WHAT THE TASK ASKS —
Only the lines from the one containing "tower defense game using cardboard vr" to the end of the material are to be copied, exactly and in full; images stay out.

STORED DATA —
= Beginning of Section =
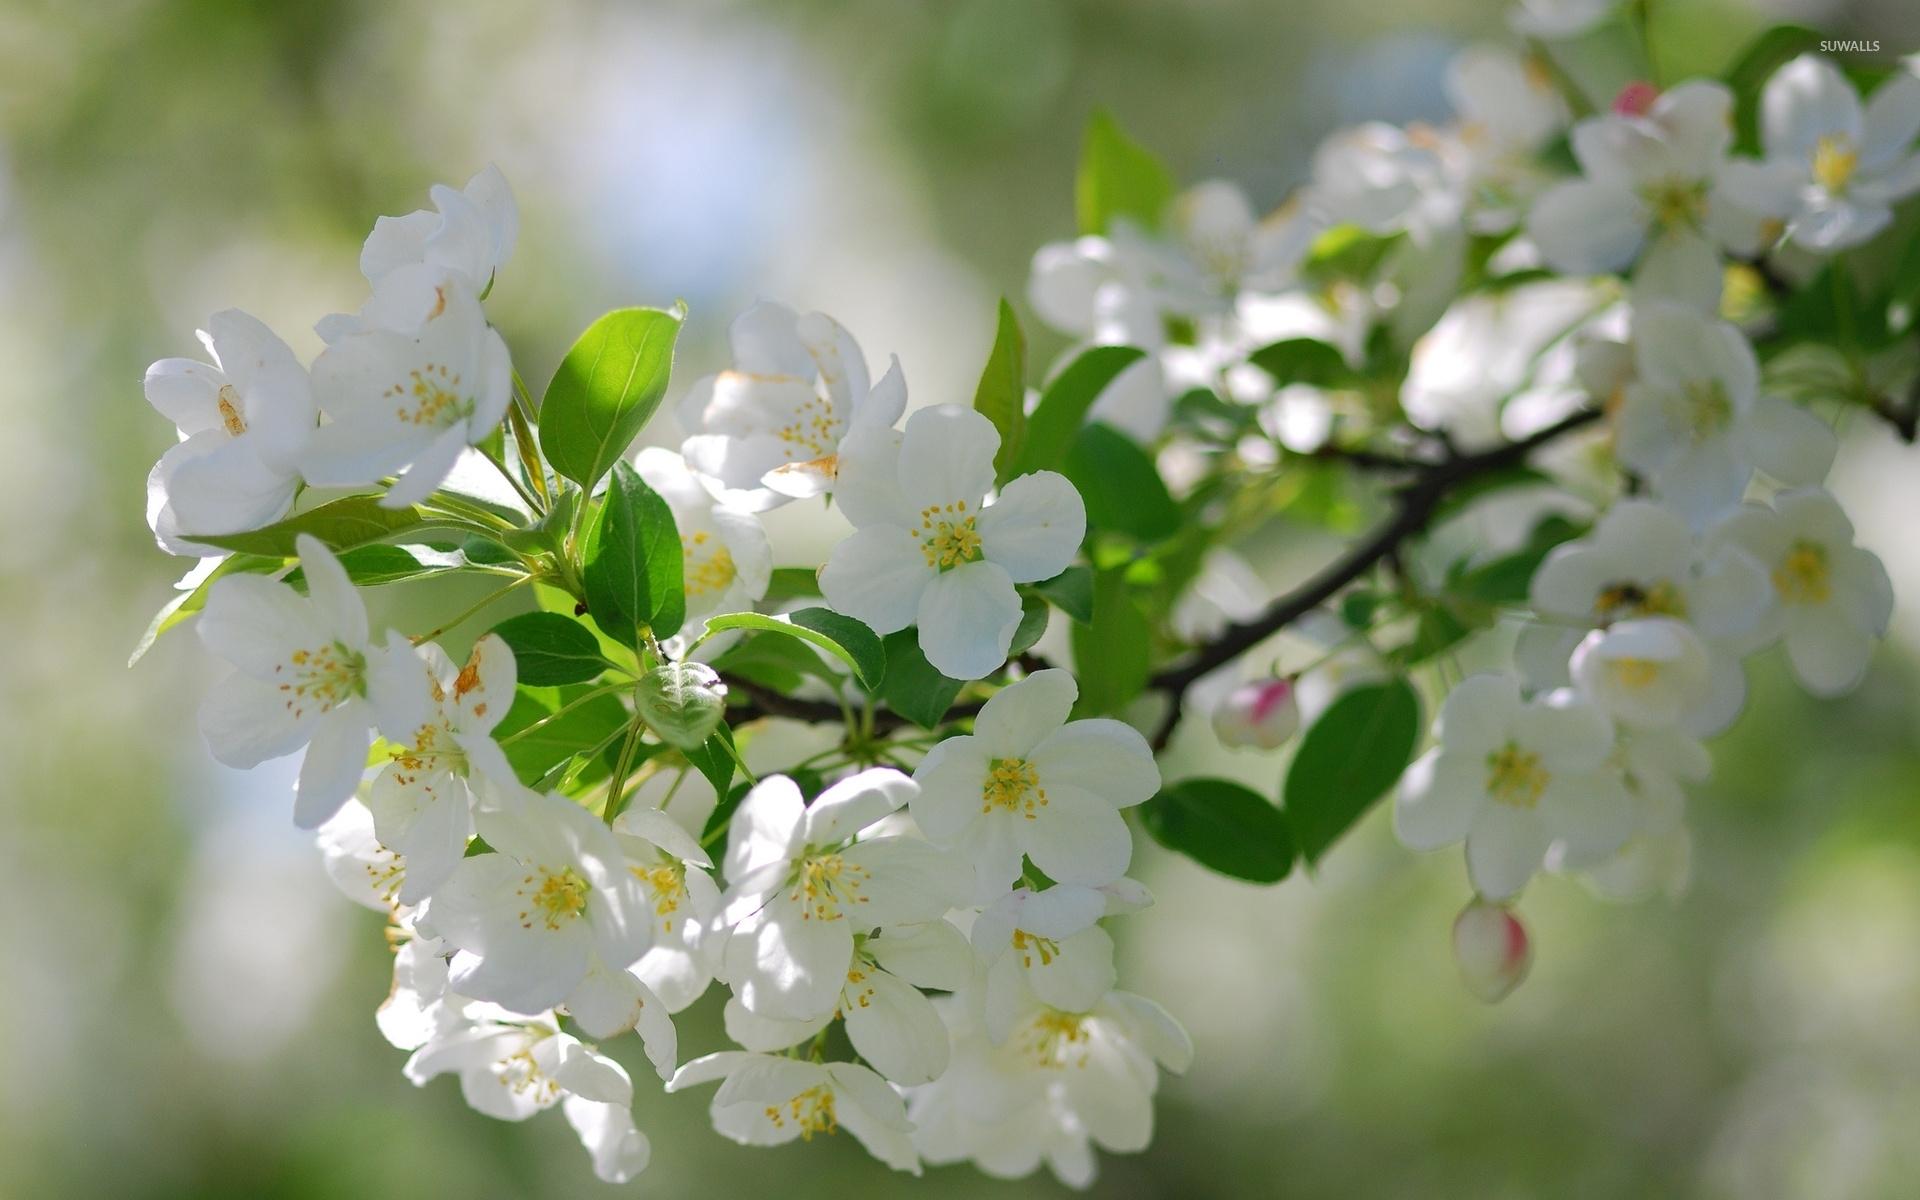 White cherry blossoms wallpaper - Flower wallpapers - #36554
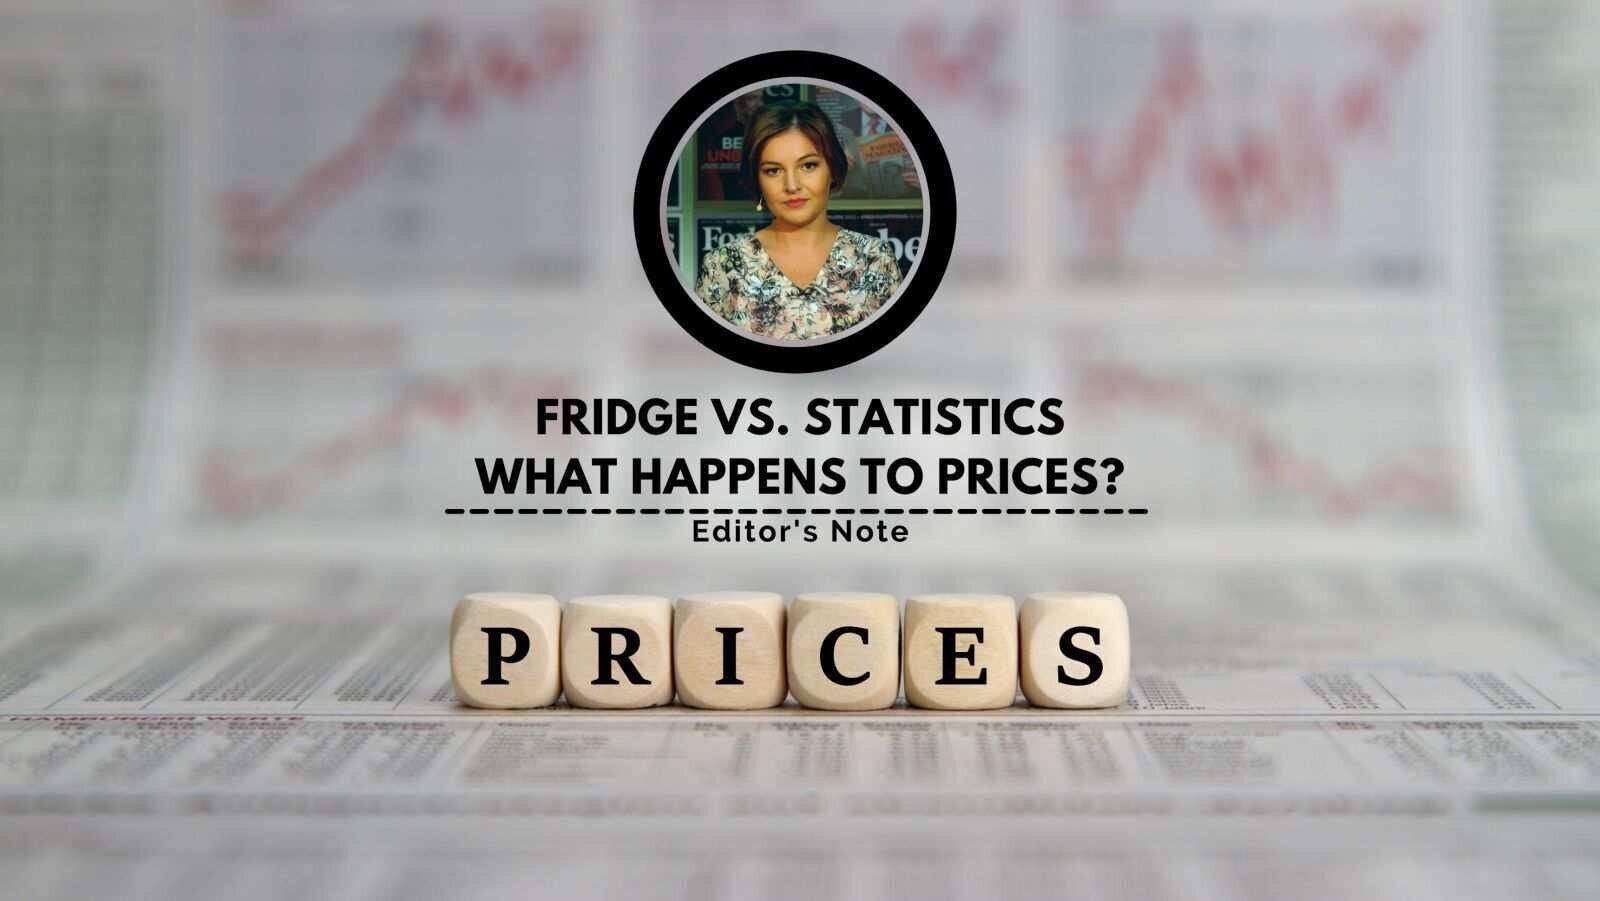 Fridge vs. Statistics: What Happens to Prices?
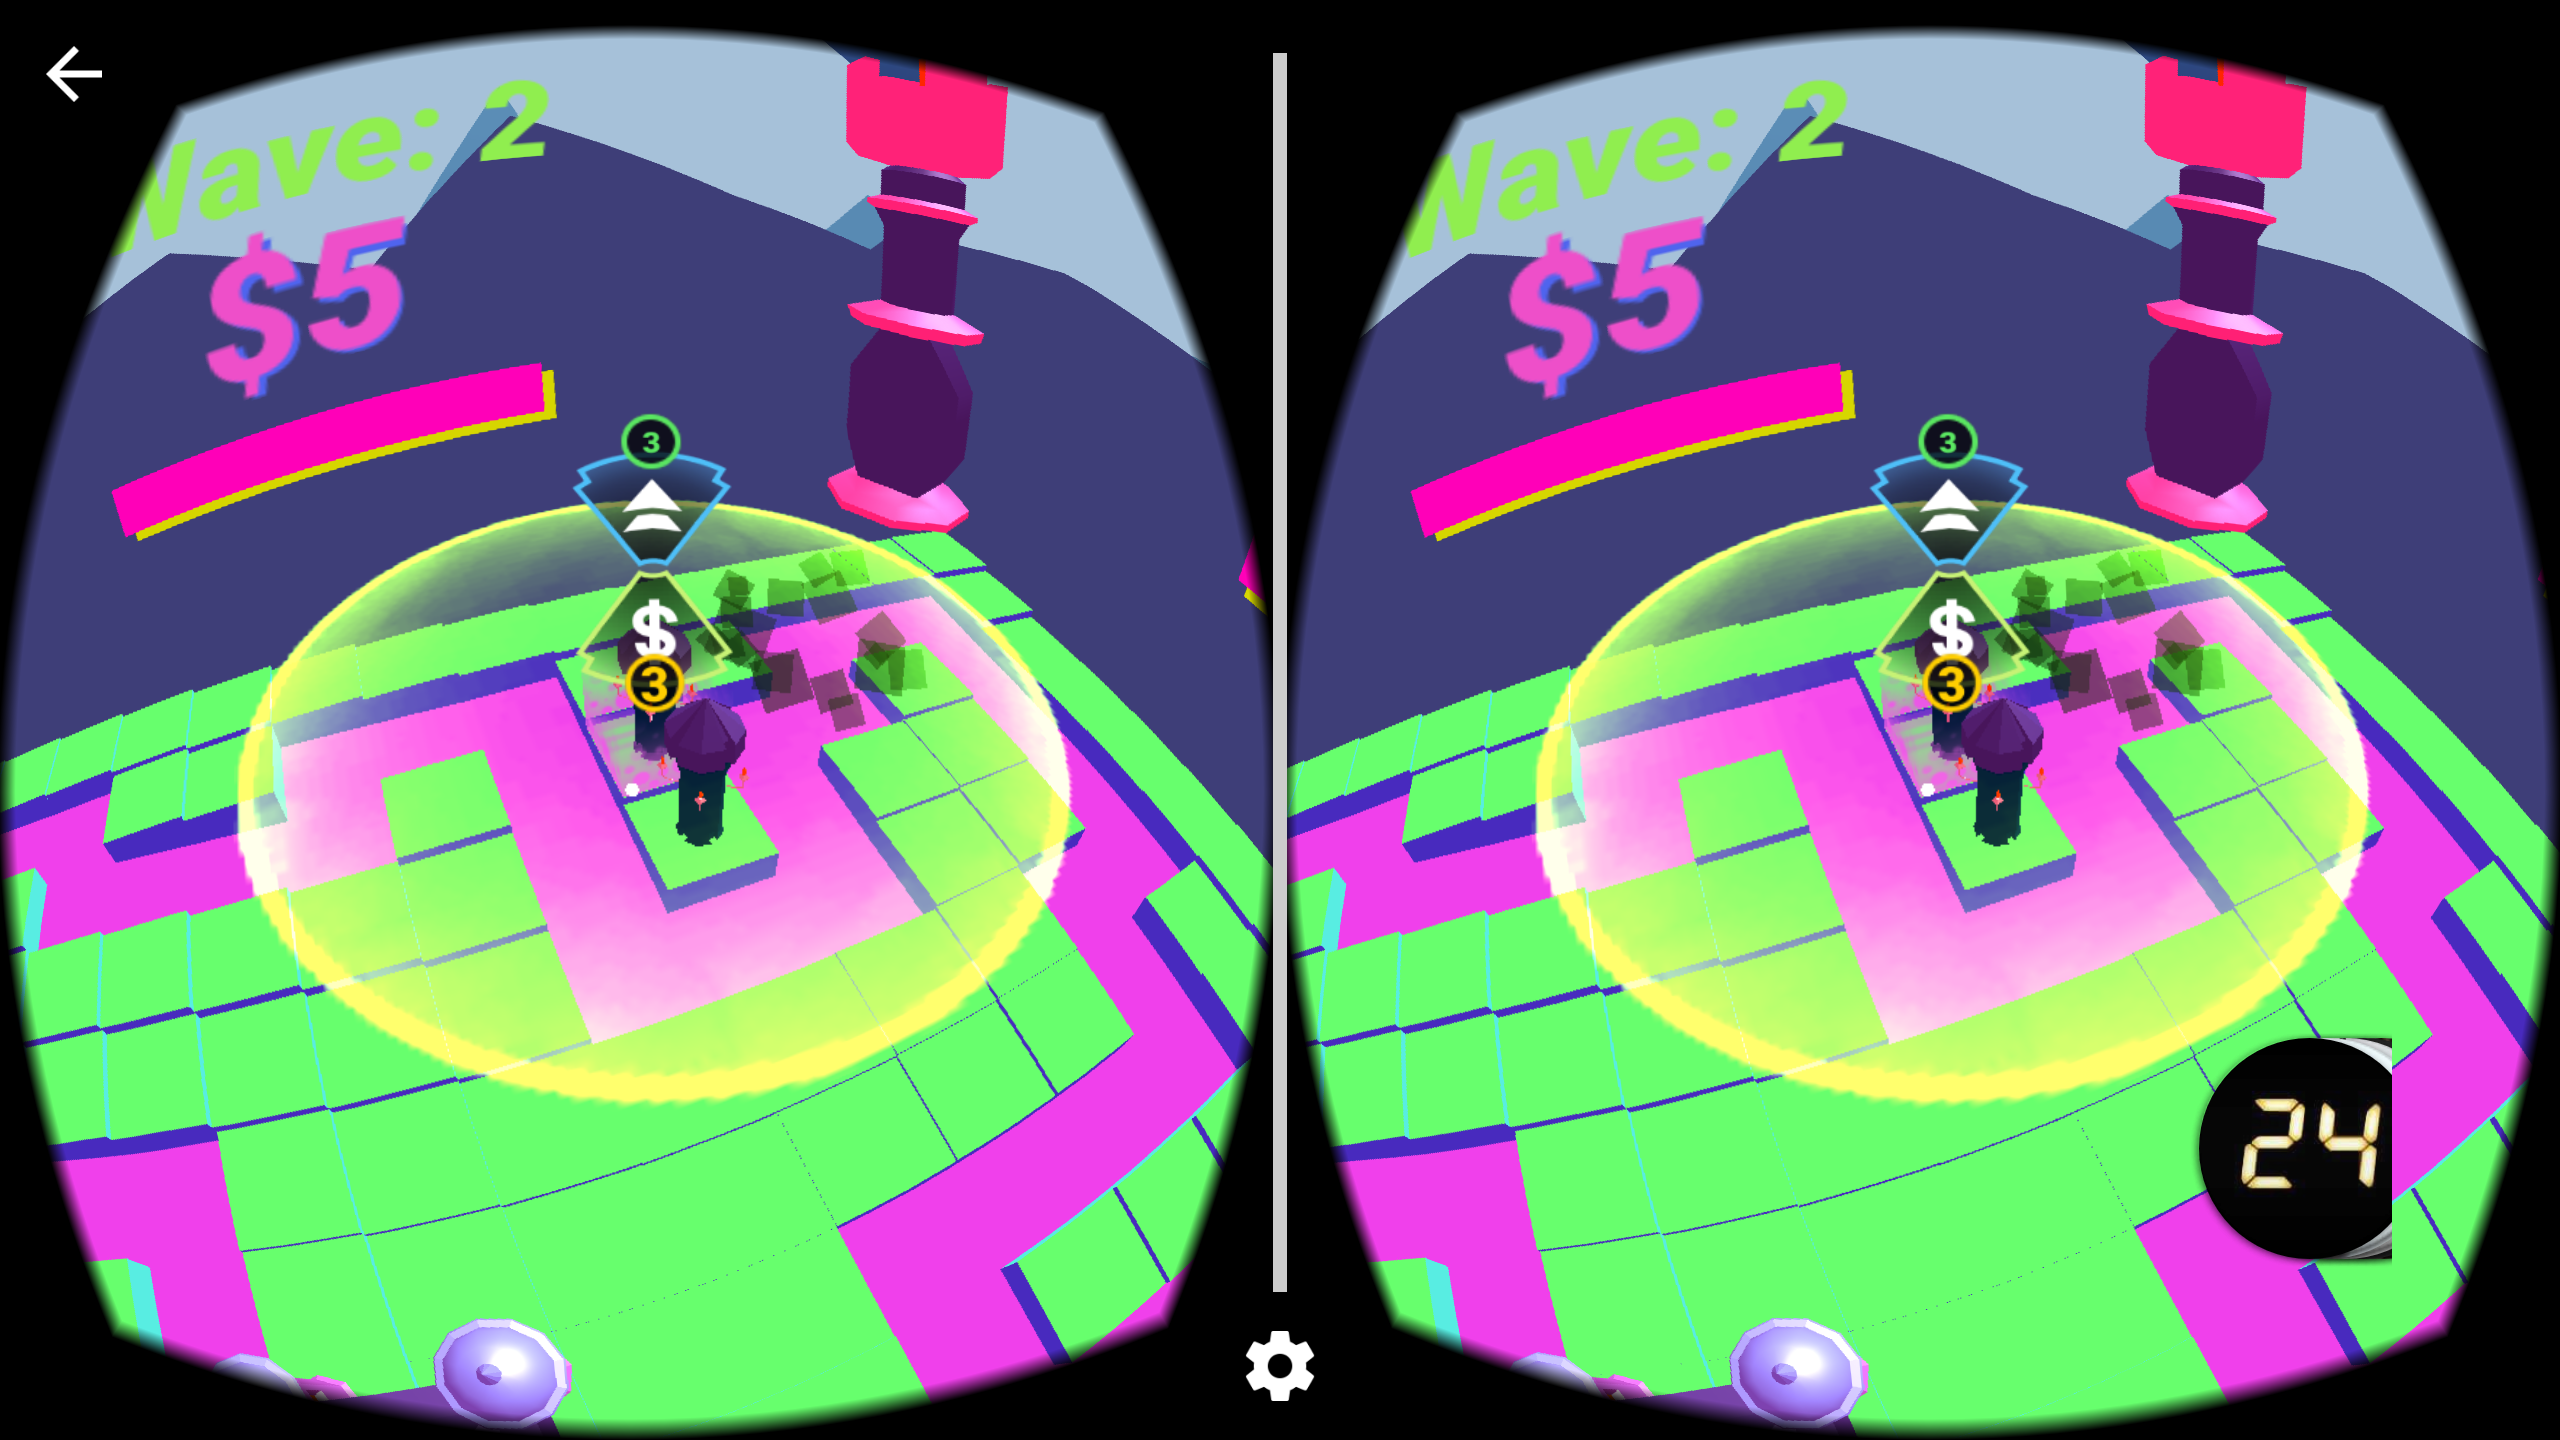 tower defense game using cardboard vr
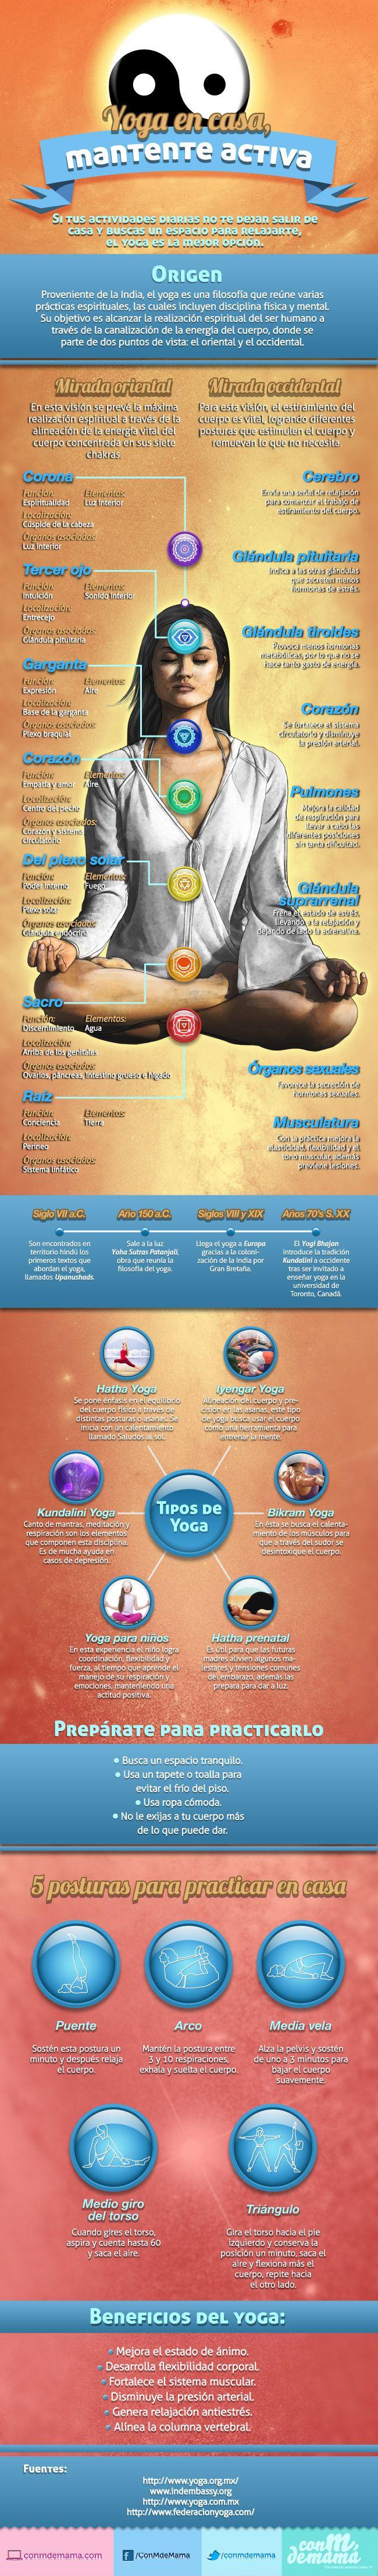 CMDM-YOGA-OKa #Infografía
= End of Section =
EXERCISE SOLUTION —
 tower defense game using cardboard vr
 CMDM-YOGA-OKa #Infografía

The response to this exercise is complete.